Wittgenstein ha posto la questione relativa a cosa possa “restare” dell’azione di alzare il braccio se togliamo
il fatto che il braccio si alza (cfr.
1953, n.621) per rivendicare la possibilità di considerare intenzionali le azioni senza
necessariamente ritenerle l’effetto di un “processo”. Ovviamente tale domanda
provocatoria non conduce immediatamente ad una risposta semplice, ma ci fa
pensare che la questione non meriti risposte troppo “facili”.
Il
determinismo stenta a rendere conto del fatto (indiscutibile) che nessun
bookmaker scommetterebbe contro di me se io scommettessi sulla possibilità di
alzare il mio braccio entro dieci secondi. Inoltre, anche il determinista più
convinto, di fronte ad un semaforo giallo si chiede se frenare o accelerare e non si limita a rilassarsi e ad
“osservare come procedono le sequenze causali”. Tuttavia, l’idea del libero
arbitrio è tanto attraente quanto “inconcepibile”, se la esaminiamo nei
dettagli. Thomas Nagel mette il dito sulla piaga chiedendosi candidamente “Non
è chiaro cosa significa che io
determino la scelta, se nulla di quello che mi riguarda la determina” (1987, p.
69). Infatti, se chiediamo ad un sostenitore del libero arbitrio “Perché hai
frenato al semaforo?” egli deve
menzionare la paura di causare un incidente, il desiderio di vivere e tante
altri fattori senza i quali non avrebbe frenato, ma forse accelerato. Se tale
persona riconosce il “peso” di questi fattori ma ribadisce che, al di là di
tali “condizionamenti”, ha deciso “liberamente” di frenare si espone
all’ulteriore domanda “E perché hai deciso proprio in tal senso?” Il gioco può
proseguire finché il nostro interlocutore dichiara: “Ho voluto perché ho
voluto”, ma a questo punto dovrà ammettere di non aver dato alcun sostegno alla
tesi del libero arbitrio. L’idea di scegliere “liberamente” qualcosa in un vuoto
assoluto è semplicemente impensabile. Ed è impensabile come l'idea di non poter scegliere nulla.
Ora
sto scrivendo e desidero finire la frase, il periodo ed anche il capitolo. Tale
desiderio mi tiene inchiodato alla scrivania, ma sono anche davvero stufo di
stare fermo e ho voglia di alzarmi e passeggiare un po’. Anzi, ho proprio voglia
di fare altre cose e di togliermi dalla mente questi problemi. Penso e sento di
poter scegliere, ma non potrei farlo in un vuoto di desideri. In un vuoto di
desideri, le possibilità di scrivere, andare a spasso, suicidarmi o soffiarmi il naso mi
risulterebbero egualmente indifferenti. Sto ancora scrivendo, ma probabilmente
fra un po’ non starò più scrivendo. Il cambiamento sarà intenzionale come ciò
che sto facendo. In ogni caso, non è in questione alcuna scelta “pura” di una
mia “mente” distinta da ciò che sono diventato e da ciò che sono attualmente, e
quindi da ciò che ora desidero. Smetterò di scrivere quando la voglia di andare
in giardino prevarrà su quella di completare
ciò che sto scrivendo. Esattamente come il braccio di una bilancia, ad un certo
punto, grazie ad un piccolo, “irrilevante” granello di sabbia si abbassa.

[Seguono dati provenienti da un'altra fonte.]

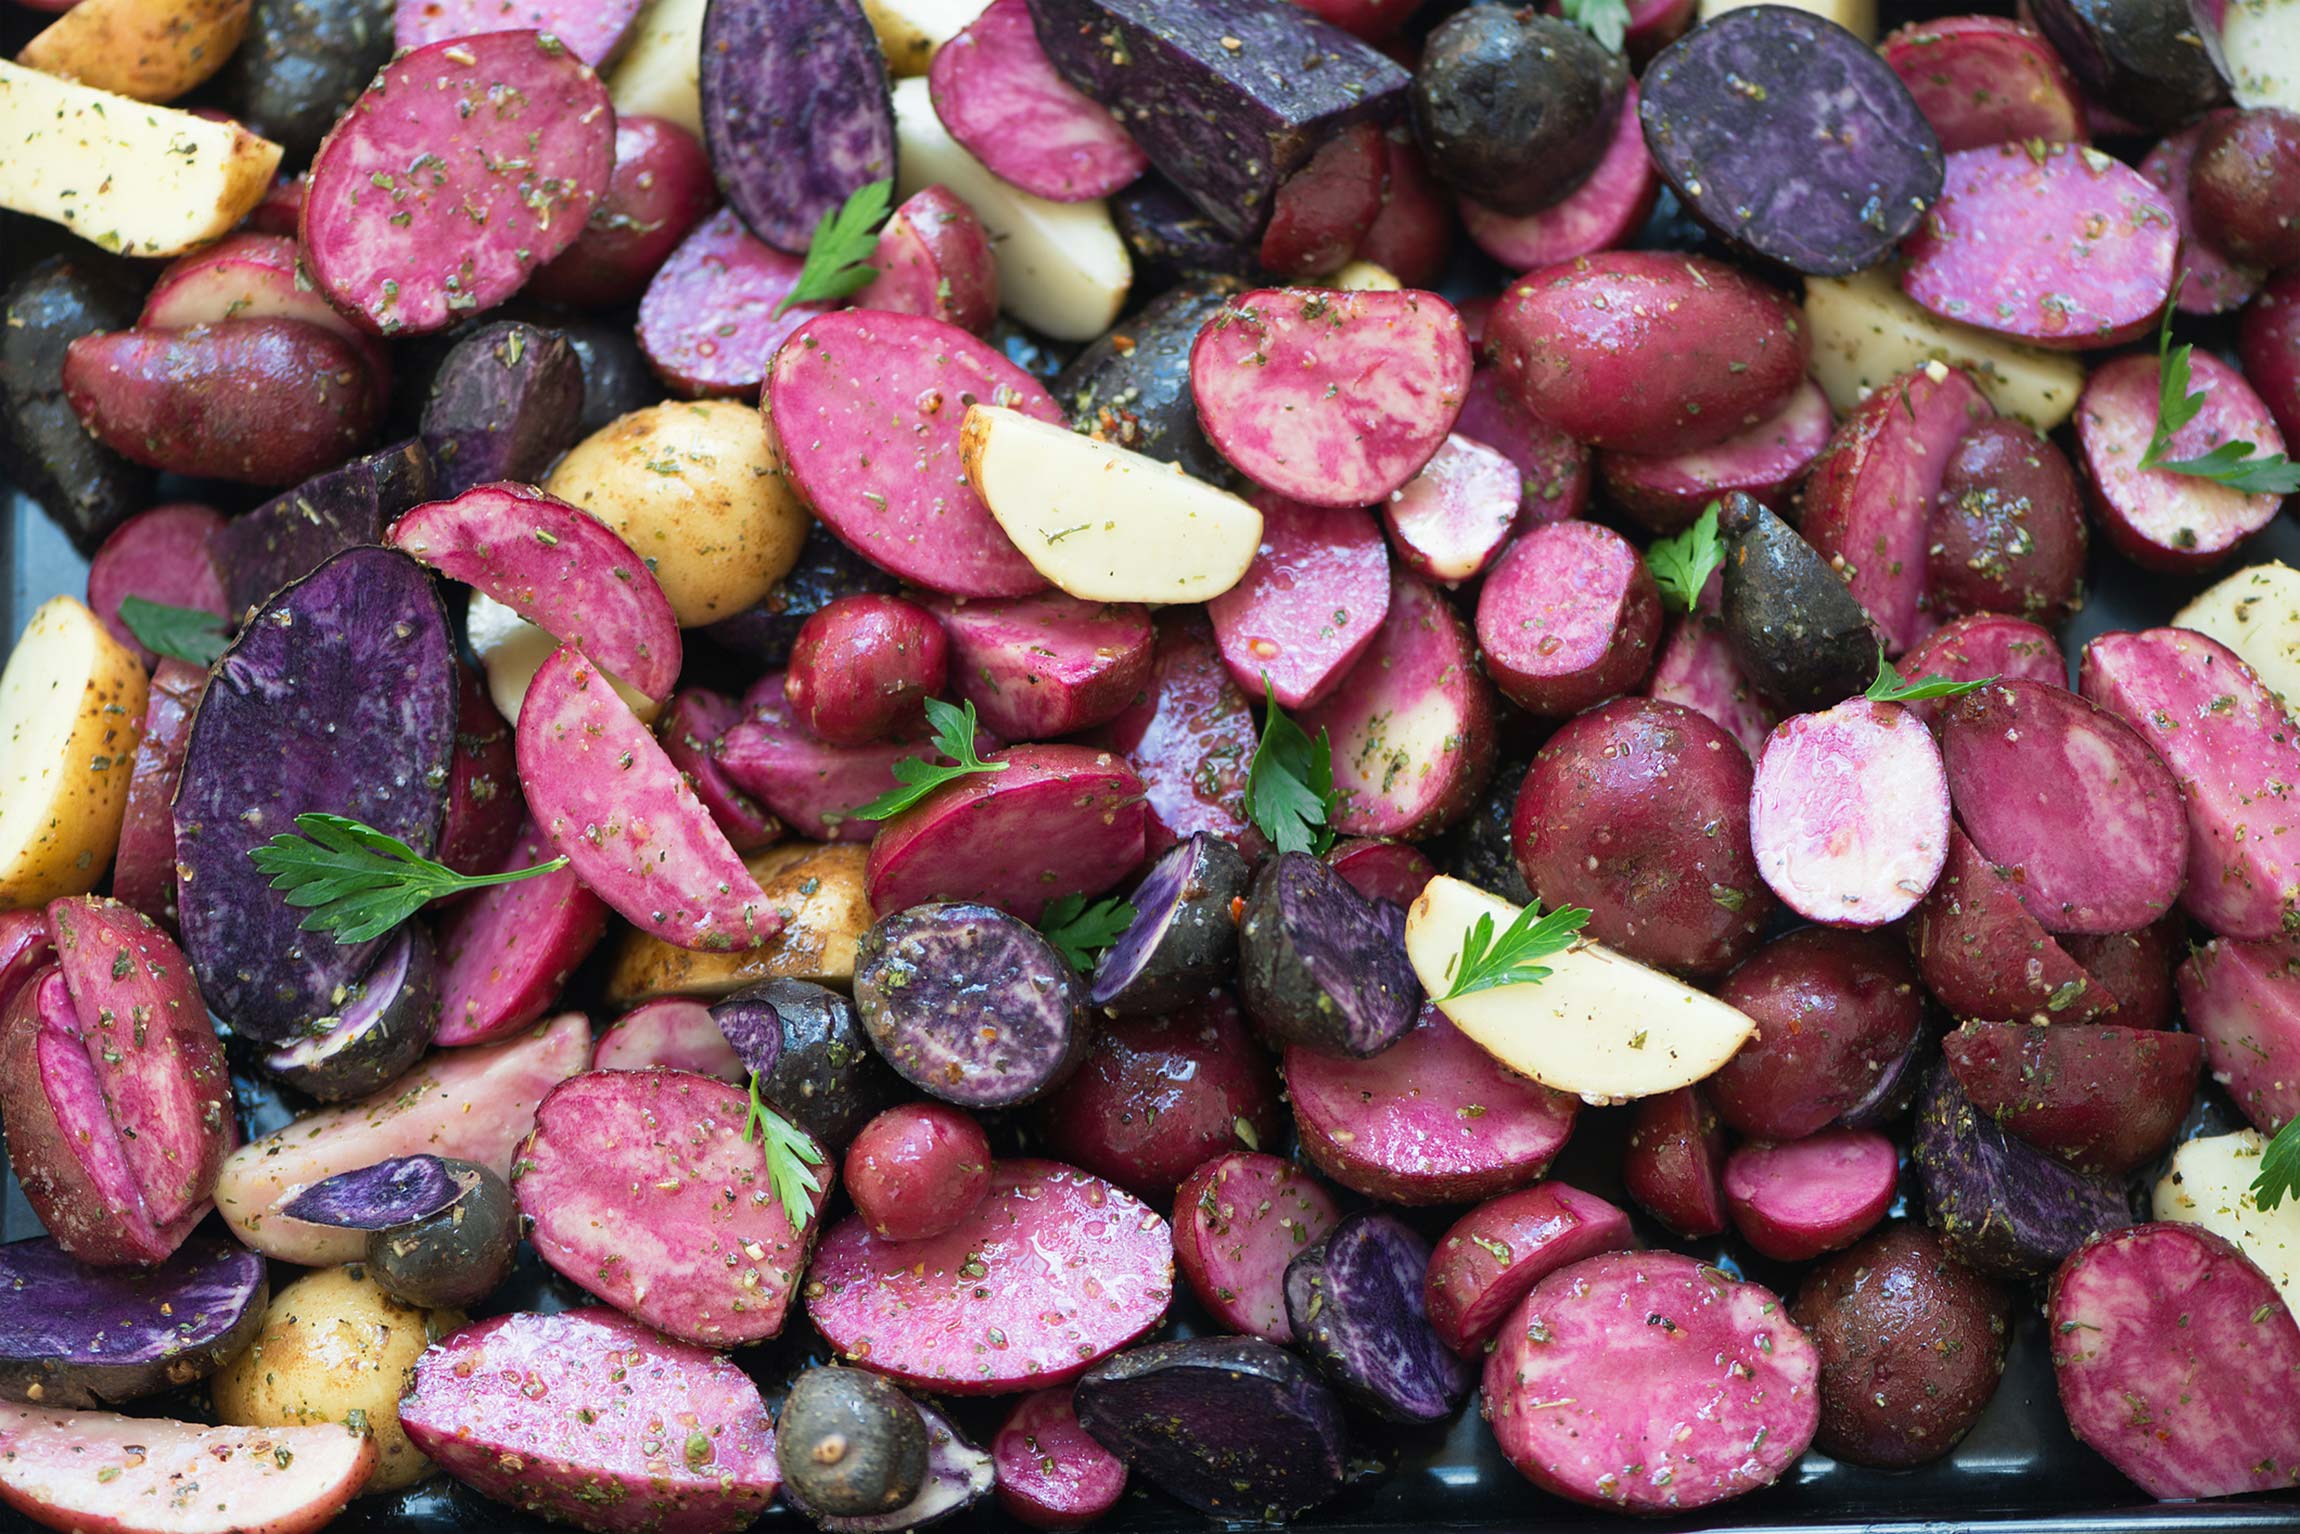 Are potatoes healthy? Discover the health benefits of different potato varieties.

Quindi, torniamo al determinismo? Non credo, perché l’’idea fondamentale del
determinismo è quella secondo cui la mia azione è determinata da “altro da me”

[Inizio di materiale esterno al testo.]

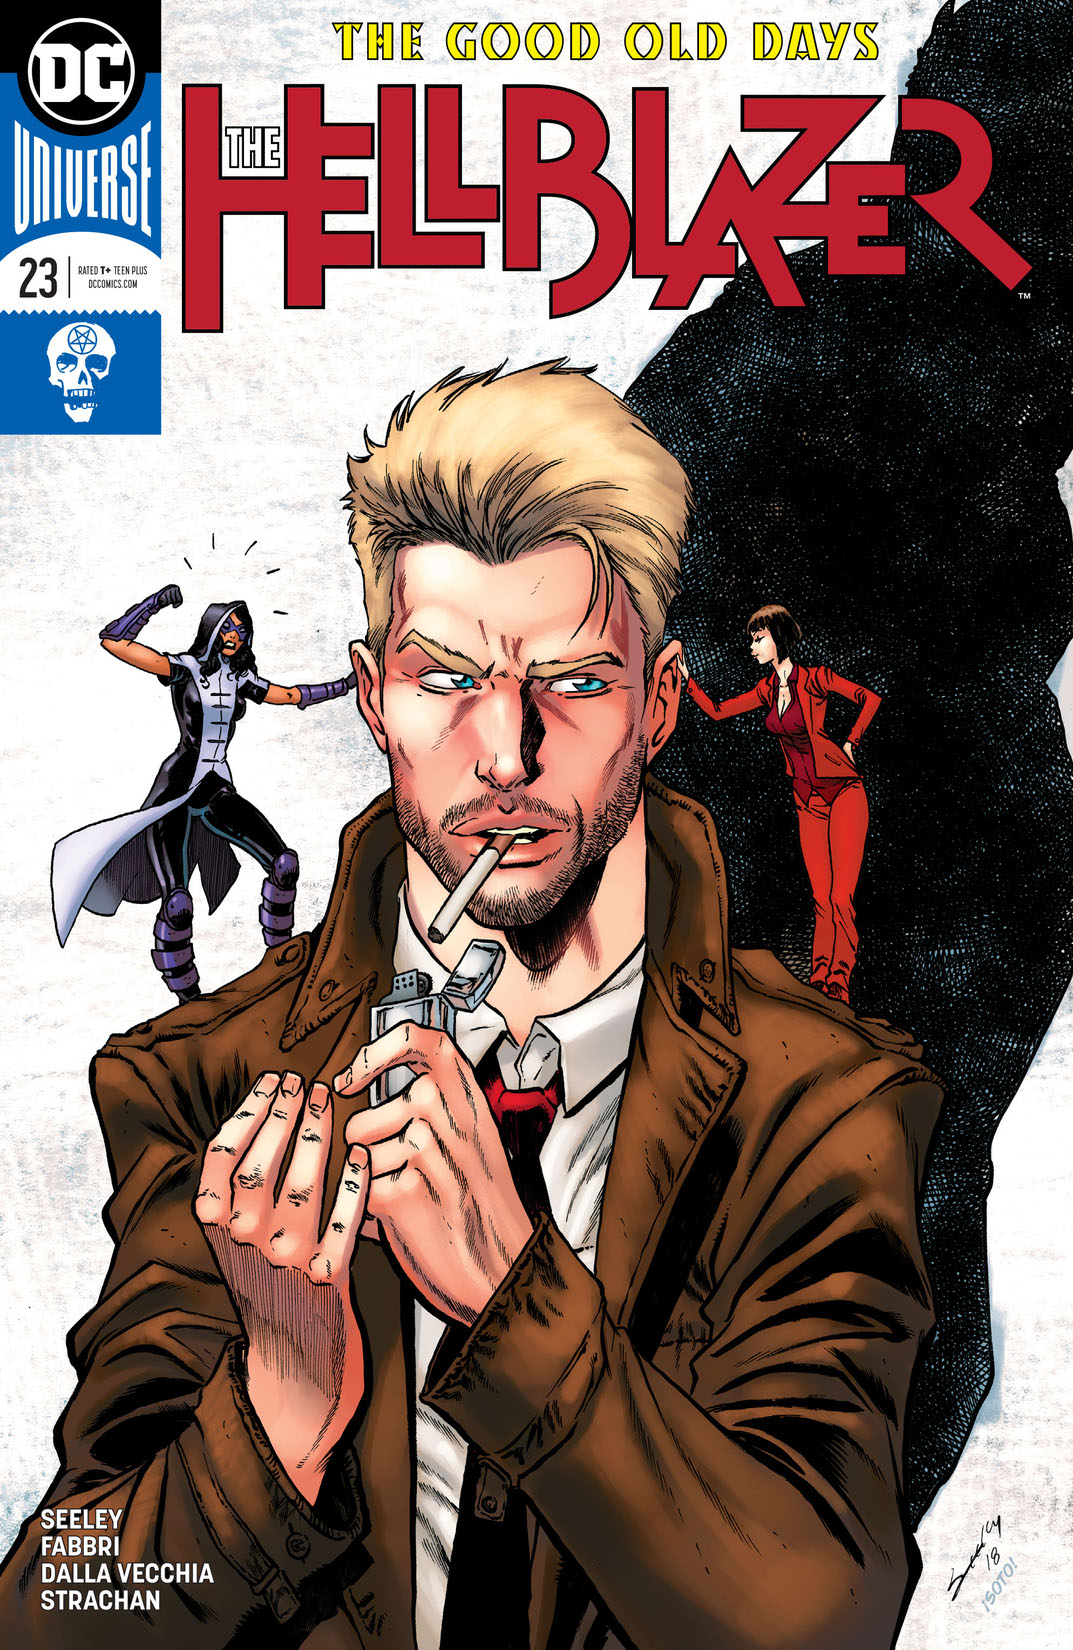 The Hellblazer #23 preview images

(come il moto di una palla che “da sé” starebbe ferma).
Se
fossi un’altra persona, non avrei nemmeno iniziato a scrivere e forse in questo
momento starei seduto altrove intento a giocare a poker con alcuni amici senza
alcuna voglia di alzarmi dal tavolo, ma tutto teso a fare un rilancio. Fra Scilla
(la libertà soggettiva, interna) e Cariddi (la determinazione oggettiva,
esterna) forse si può navigare filosoficamente seguendo la rotta della determinazione interna. La mia
soggettività dipende dalla mia biologia, ma dipende pure dal fatto che la mia
identità si è storicamente definita in modalità diverse da quelle che
definiscono l’identità di un coniglio, di un lupo ed anche degli altri esseri
umani. Io sono la memoria di ciò che mi è accaduto e di ciò che ho fatto, sono la
comprensione o l’incomprensione di ciò che mi è accaduto e che ho fatto e sono quindi ciò che sono diventato.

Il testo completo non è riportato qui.